The Creative Spark: Milagro Pin Dolls

Here’s another story about a creative spark~~

The inspiration for the Milagro Pin Dolls came from The French Quarter in New Orleans, as well. In fact, all three stories I’m going to tell you–the Voodoo Dolls, the Milagro Pin Dolls, and the Journal Skirts–all have their roots in the French Quarter. The latter two have nothing to do with New Orleans or the culture of the city or anything that’s tied directly to that place, but, for me, it’s always been magical. From the time I was a little kid and my dad brought me this charm bracelet from one of his business trips:

Yes, that's cat fur you see.

I’ve been entranced not only by the city itself but by what it evokes in my head, something I can’t even explain. I get Ideas there, ideas that are only tangentially related to anything I see or hear or smell but that are, nevertheless, sparked by something, something intangible to anyone else but richly evocative for me. I don’t know what it is, and I can’t explain it. I’m not interested in the noise and trash of Bourbon Street or the high-priced antique stores on Royal Street or the bars or the food, yet I love them all. It’s as if walking around the streets somehow flips a switch in my brain. Everyone needs a place like that, whether it’s a room in a house or a forest path or a garden or a shop or library or desert. Someplace that makes your brain spark. You may not make anything that has any obvious relationship to the place, but it matters. It really does.

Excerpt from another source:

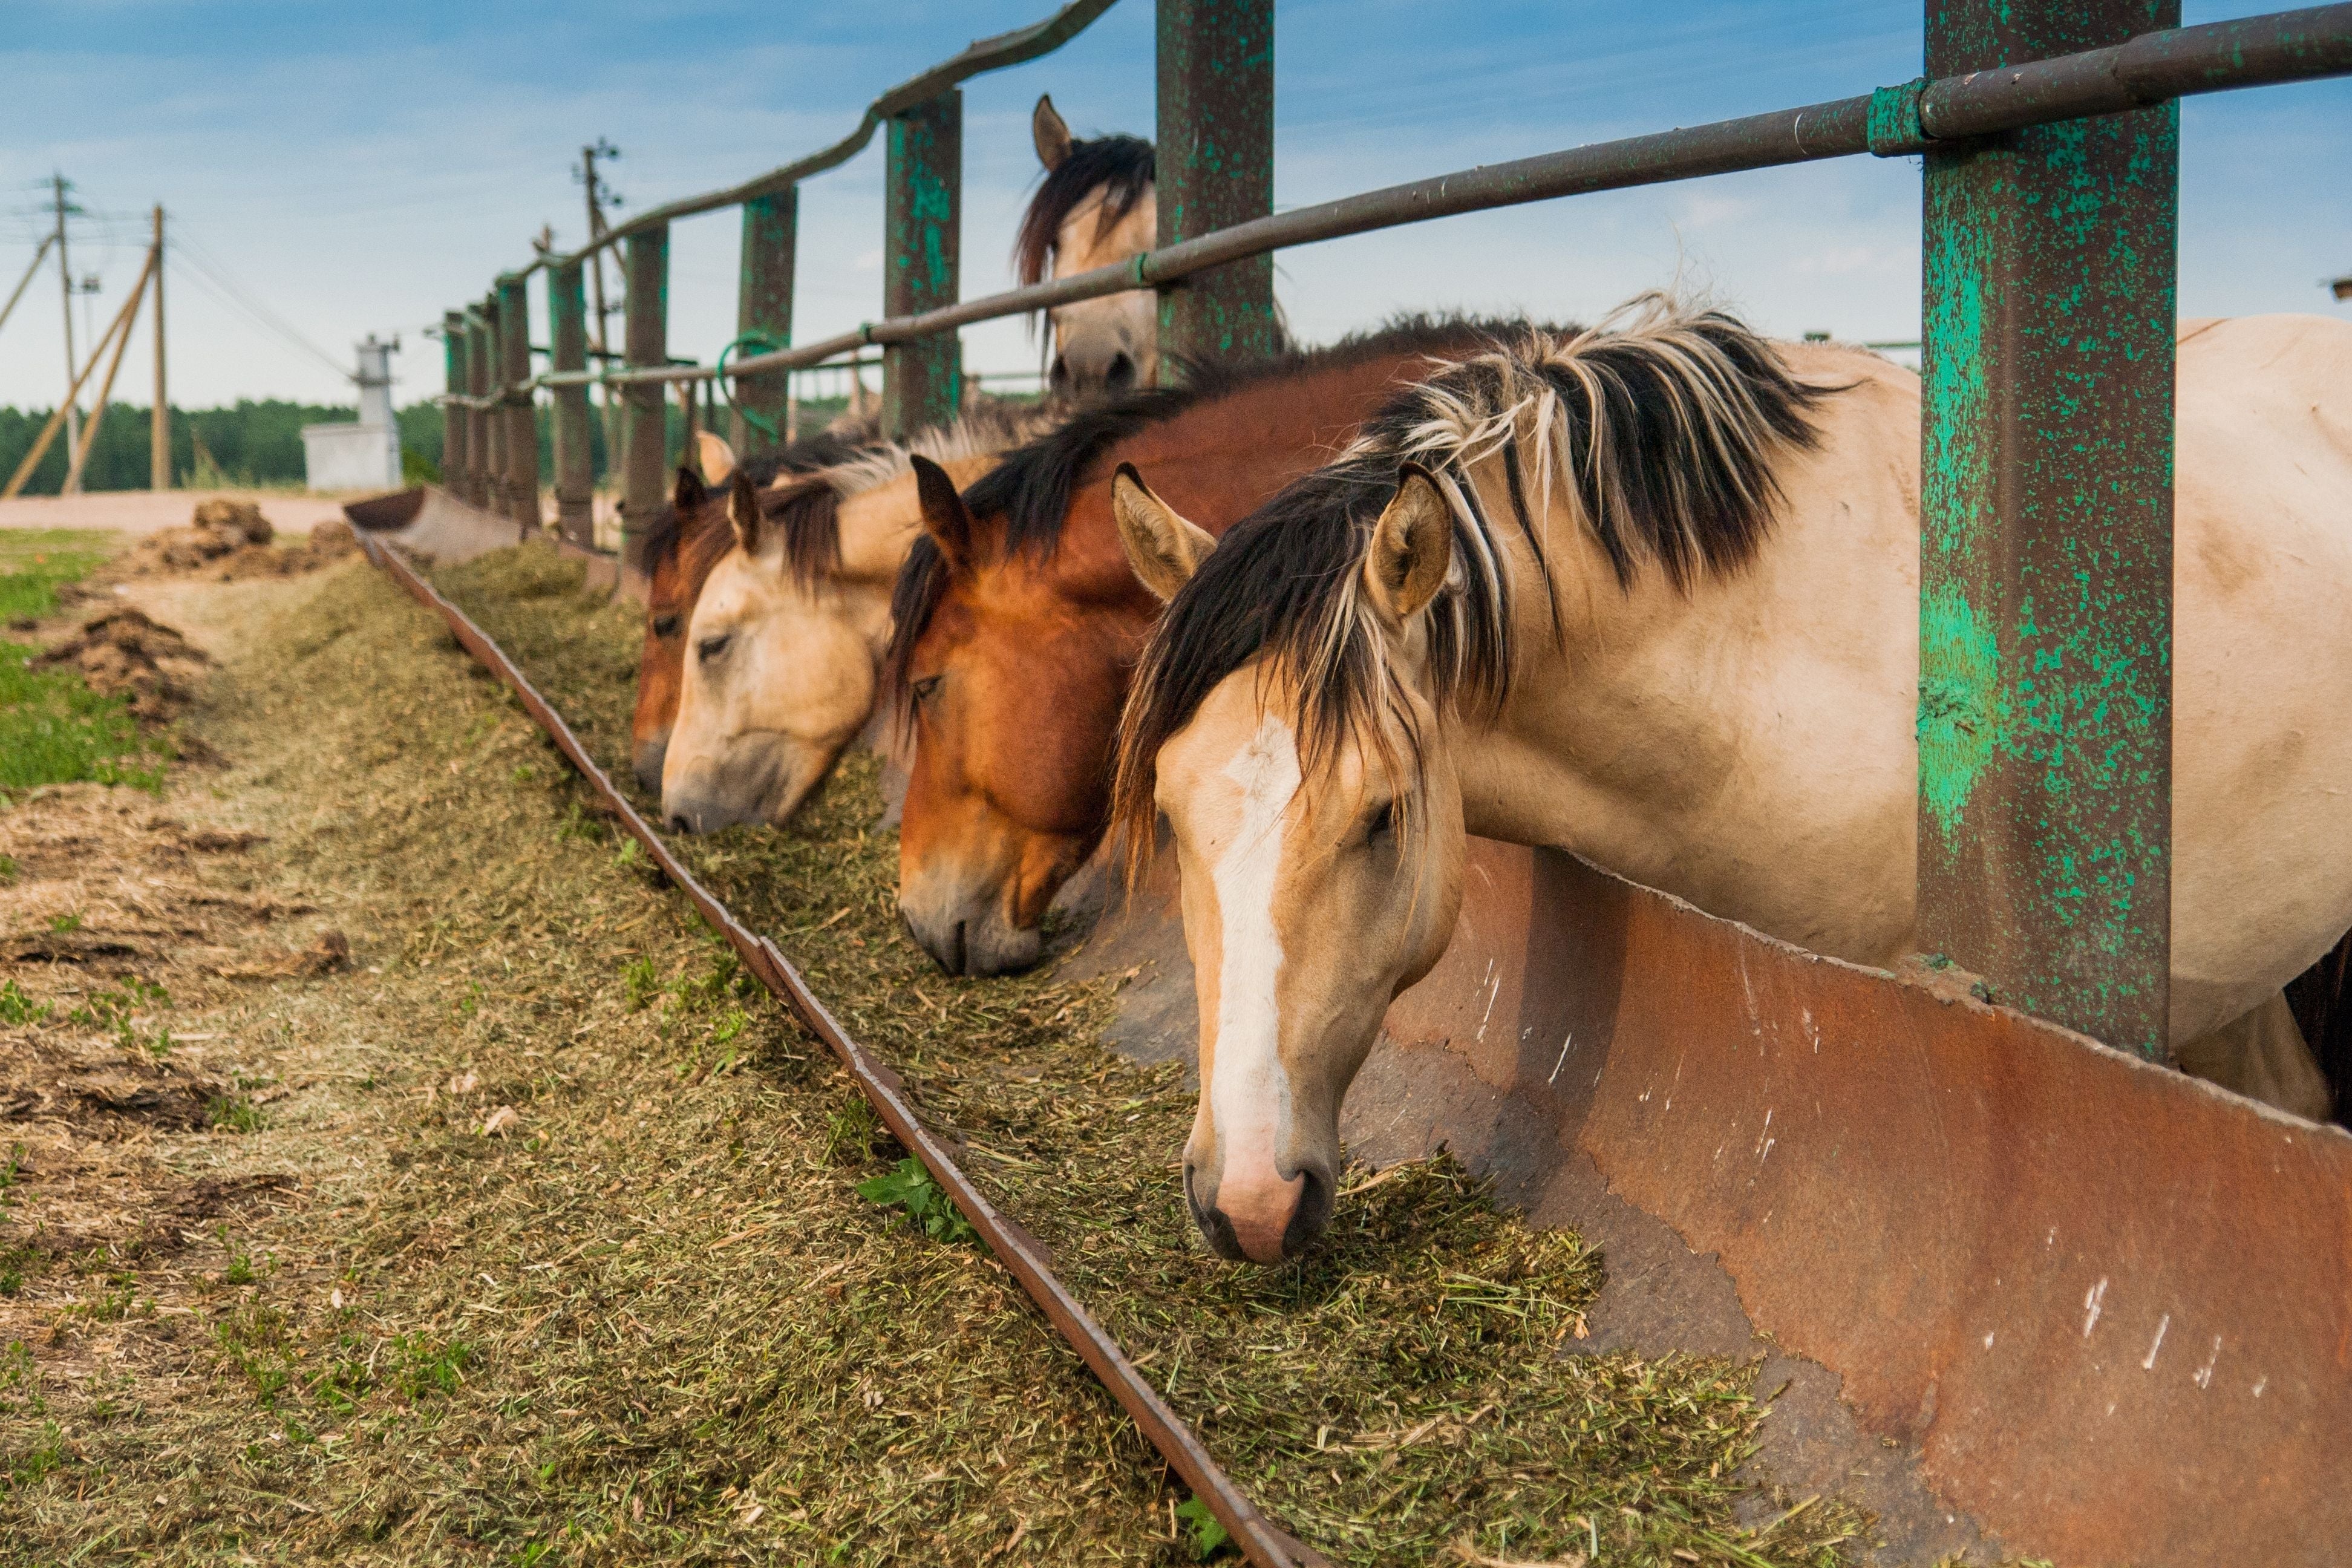 Hemp may make fine food horses, but first federal rules must change

We were walking along Royal Street one August, wandering in and out of shops, mostly in an effort to cool off. In one shop there was a glass case with some pins, pins made of old photographs set in bottle caps. Now, this was back before everyone on the planet was using old bottle caps, and the notion of using them for pins was intriguing to me. I looked and looked at these, turning them over in my hand and kind of spacing out.

That’s what happens, you know, when you’re looking at something but your brain is a million light years away.  Because here’s the deal: I loved these pins, but not for what they were. I have no real interest in bottle caps or old photographs glued onto stuff. What sparked the ideas were two things: “old photographs of faces” and “something you can wear.” And I was off.

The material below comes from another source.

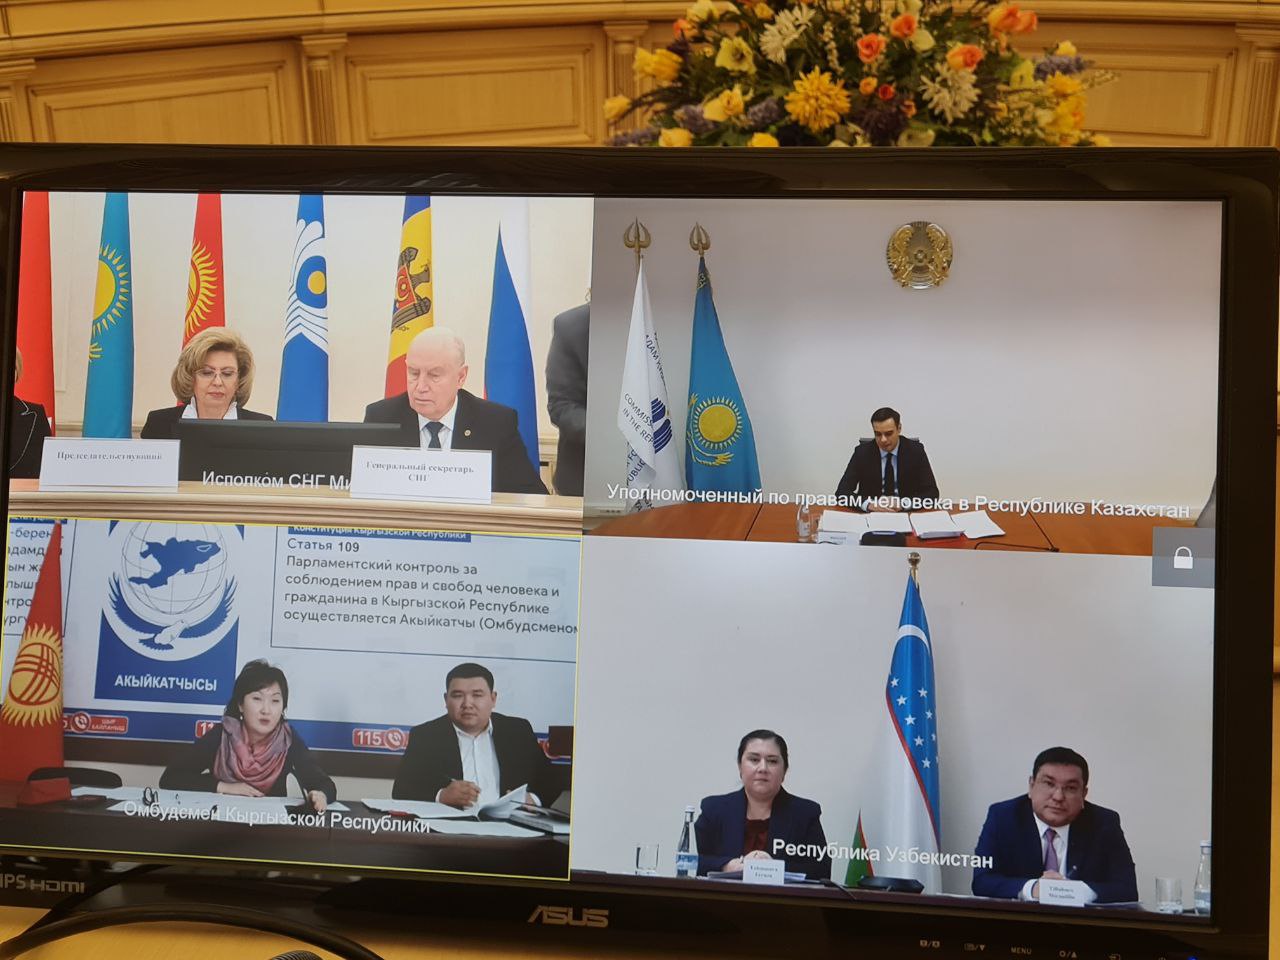 The first meeting of the CIS Human Rights Commission was held

Because I work mostly with fabric, the idea that was buzzing around in my head was making something of fabric that used old photographs. I had yearbooks over 50 years old, but remember, this was in the days before you could just pick up a magazine and read a how-to about transferring images to fabric or go online and find a video tutorial. I had to hunt for information about how to get images on fabric, and then I had to find t-shirt transfer sheets and learn how to use those and then figure how to get rid of the shiny plastic surface. I started making little people, and I wanted arms and legs that would move. I hit upon the idea of using milagros, the tiny metal offerings used in Mexico to ask for protection or blessings, and Los Milgritos (The Little Miracles) were born. I discovered that I could buy the milgritos in the gift shop of the local “Mexican Catholic Church” (that’s exactly how it was listed in the phone book) and I went there to check. I definitely didn’t want to use these for anything that might be offensive, so I talked to the people there and told them what I was doing, and they thought about it and said that as long as I was using them in a respectful way, not with ill will or bad intentions, it was OK.

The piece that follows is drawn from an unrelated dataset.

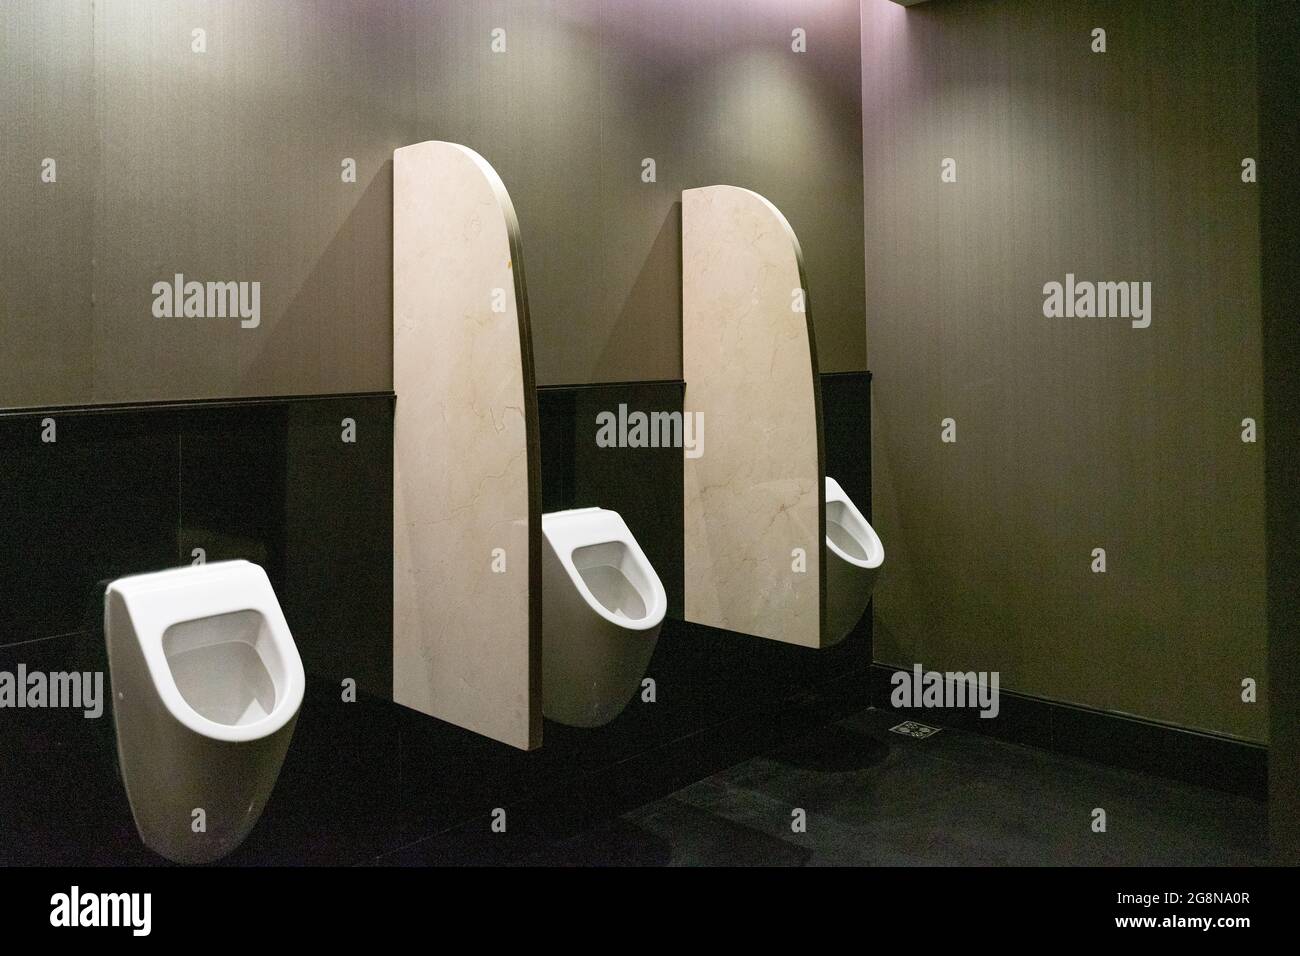 https://c8.alamy.com/comp/2G8NA0R/three-white-mens-urinals-in-a-bathroom-in-lobby-of-luxurious-hotel-2G8NA0R.jpg

The problems I had to solve in creating these were the fun part, of course: how to make the arms and legs secure but still allow them to move freely, how to bead the pins as fully as possible without spending years on each one, how to attach the pin backs (hint: not with glue). Each one had a name and a back story. This is Melvin, who is in charge of Juice Things–anything that requires a battery or a cord or gasoline, that’s what Melvin takes care of. He hangs by the iMac, of course:

Clarence, who takes care of Big Stuff and protects against things like tornadoes and terrorists, bankruptcy and audits by the IRS, hangs on the inside of the front door:

I have pins I made of my husband and his daddy,

and one I made of my mother. I think all the rest are gone–they were in shops and galleries across Texas and in Taos, in Ft. Collins, CO; Albuquerque, and Seattle. For a while I offered them at shows, but as I began to use more faces from the yearbooks of historically black colleges, I found that people would buy the dolls with white faces but not the ones with black faces. So I quit making them altogether, because life is too short to get irritated at potential customers, you know? When that happens, it’s time to move on.

And then, that autumn, at my annual trip to the International Quilt Show in Houston, I walked down one of the aisles and found, hanging on a pegboard, milagro pin doll kits. The plastic bags contained everything you needed to make your own Milagro Pin Doll, down to the “flesh”-colored tacky plastic arm and legs, which were supposed to look like metal milagros, to the face transfer to iron onto the fabric body. I was shocked, sure, but I wasn’t nearly as upset as you might imagine. How come? Yes, I was pretty sure I’d been copied–Los Milgritos had been widely shown by then. But the reason it didn’t make me really angry was because I’d already moved on, which is as it should be. We’d just gotten back from our annual trip to New Orleans, and my mind had already moved on to something new and–it turns out–even more exciting to me. Of course! That’s the beauty of the creative spark.